NOTE : This is just a demo and not meant to be a comprehensive discussion on the actual code.

The first thing you need to do is to specify the paths to your data (DATA_PATH):

DATA_PATH <- "../../data/robjs/210902_SC_DVaxis.rds"

Unsurprisingly, the next thing we do is to load the necessary packages (mainly so that we can read your Seurat object) and source the custom functions.

library(Seurat)
library(ggplot2)
library(gridExtra)

We proceed to install and load the package I've written for you. We fetch this package from github:

if (!("axis.projection" %in% rownames(installed.packages()))){
   devtools::install_github("git@github.com:almaan/axis-projection.git") 
}

library(axis.projection)

Data loading and processing

We will now load the data that we want to analyze (your Seurat object), and make some small adjustments to make it easier to analyze it.

se <- readRDS(DATA_PATH)
head(se@meta.data[c("labels","axis_annot")])

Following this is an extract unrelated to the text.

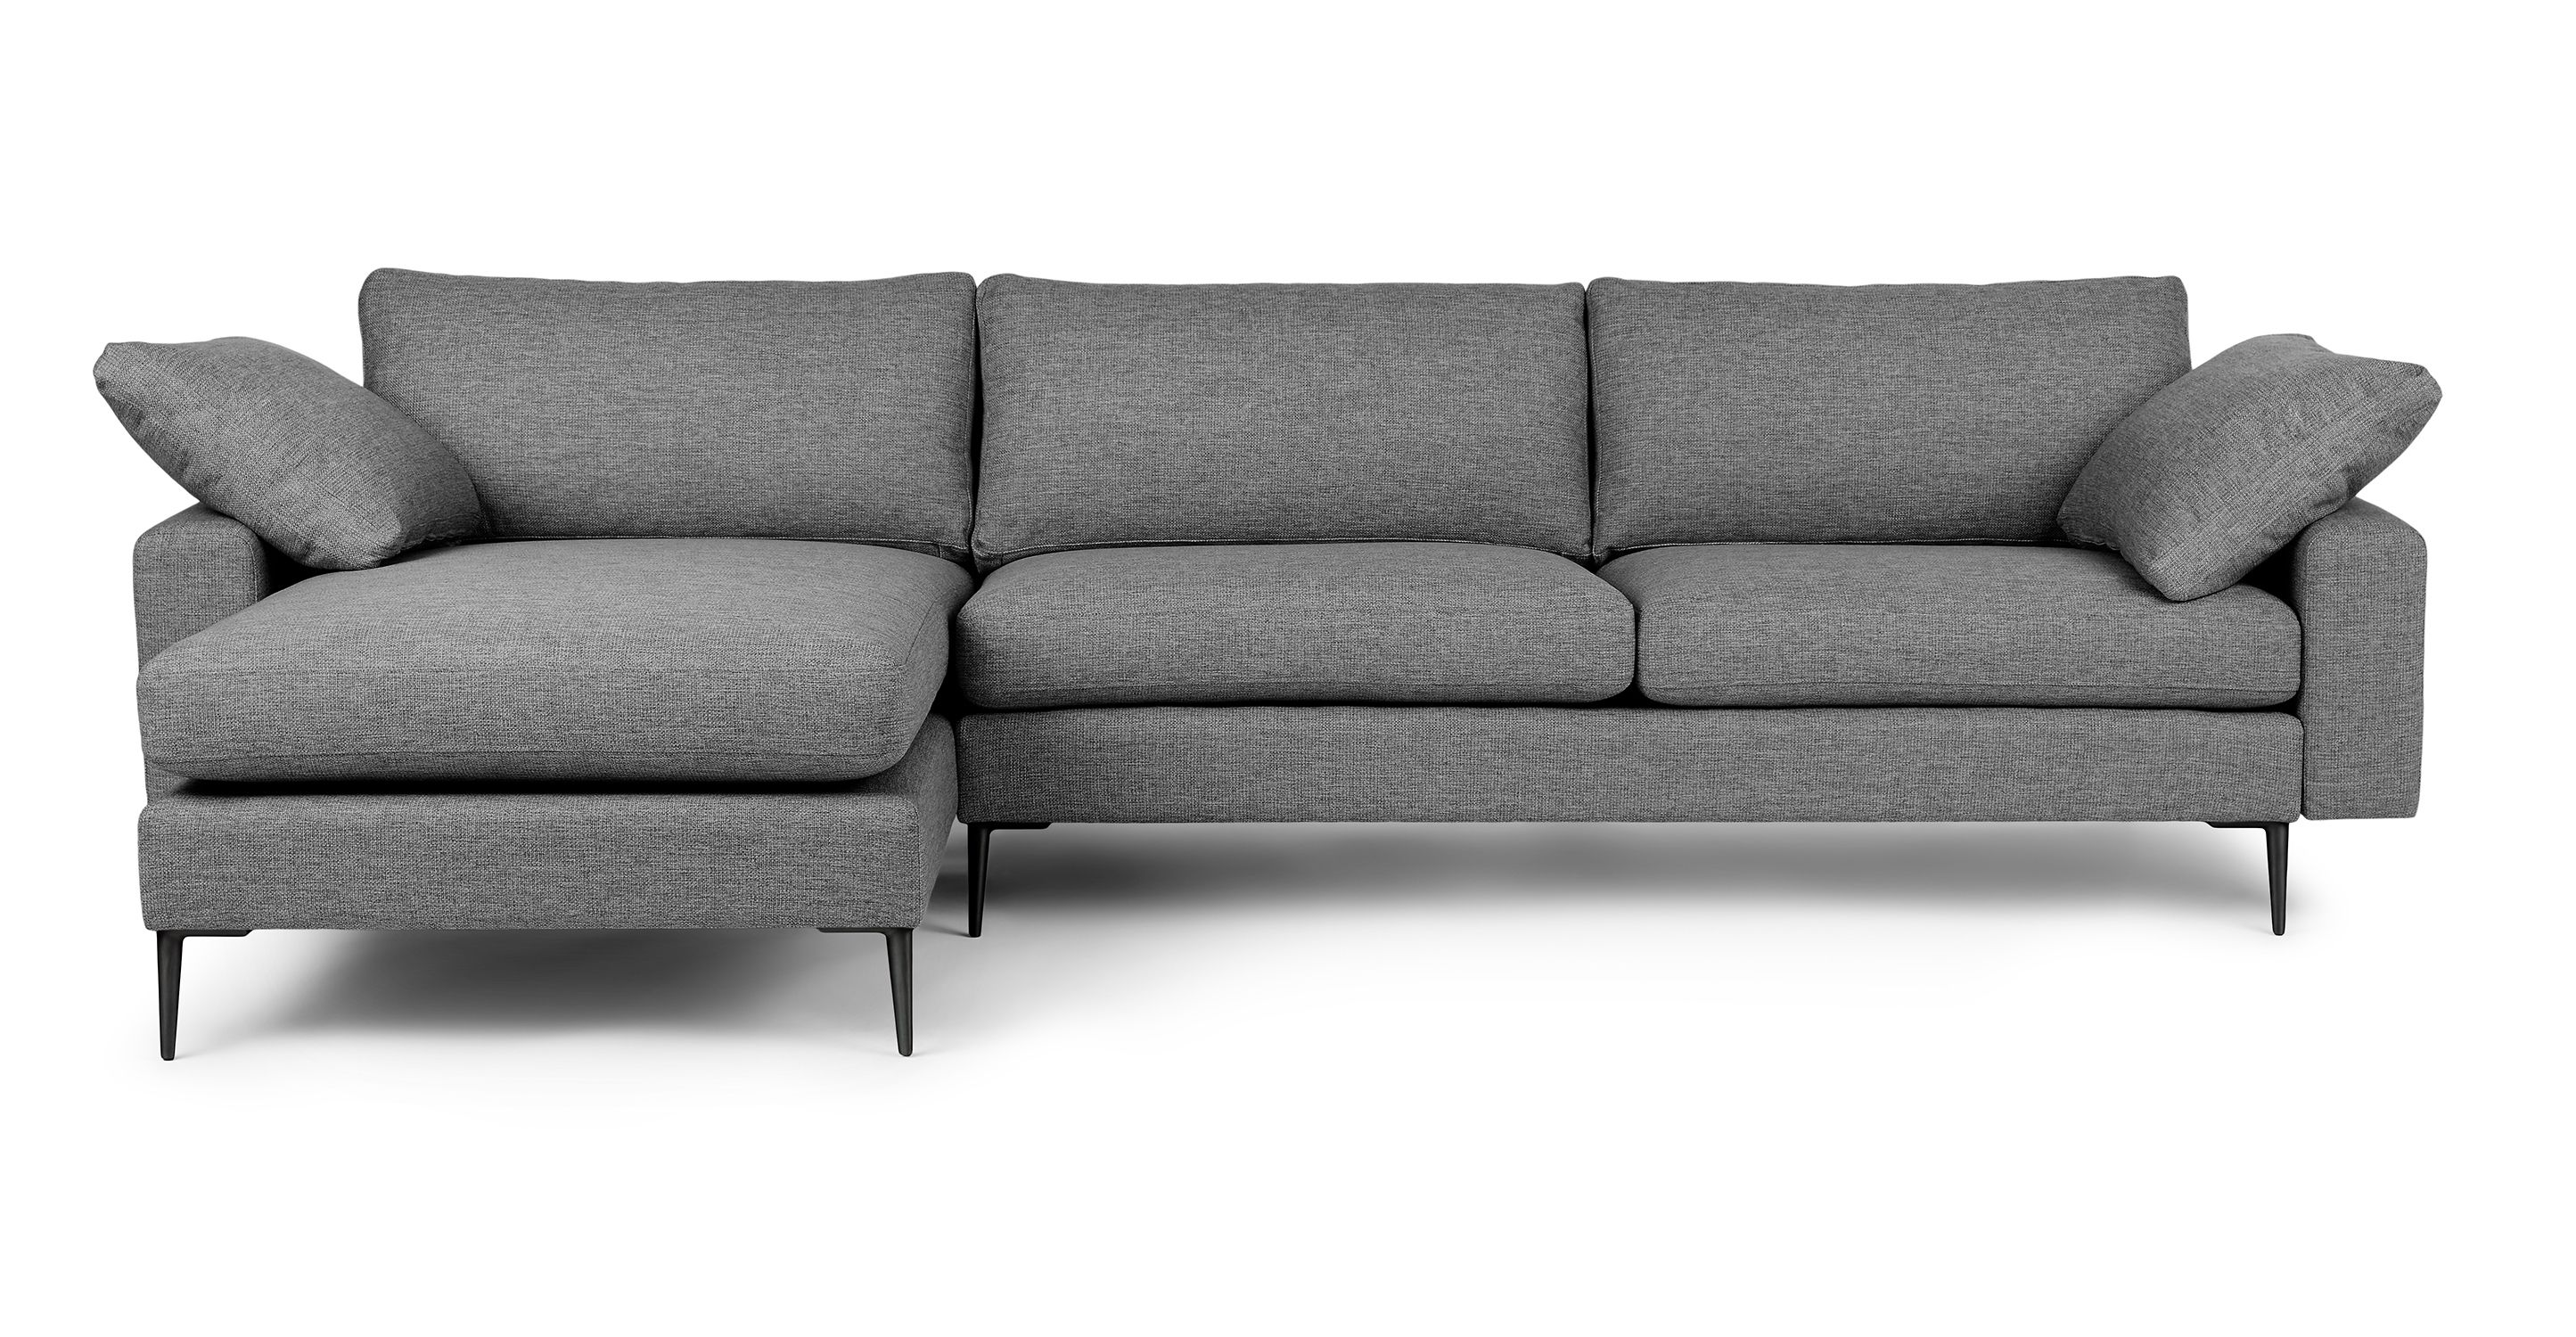 Gravel Gray Reversible Fabric Sectional | Nova | Article Within Reversible Sectional Sofas (View 4 of 20)

While it's nice that the column axis_annot in the metadata also contains the section information, this complicates things a bit when we want to identify the DV axis, the main issue being that a spit annotated as 1_D would be interpret as something different than for example 2_D, when both spots should be considered as dorsal. Also, there were some inconsistencies in the naming of these sections (different arrangement of "_" and numbers). Hence, we'll adjust this before proceeding - the updated annotations will be placed in a new column called DV, where we only have the "D" and "V" annotation.

# create a DV column
se@meta.data["DV"] <- gsub("[1-9]|_","",se@meta.data$axis_annot)

Since this is only a demo, we'll only use 4 of the sections you've identified in the labels column, but of course the same workflow can be applied to the complete data set. I've written the code to be memory efficient, so it should not be any issues increasing the amount of data.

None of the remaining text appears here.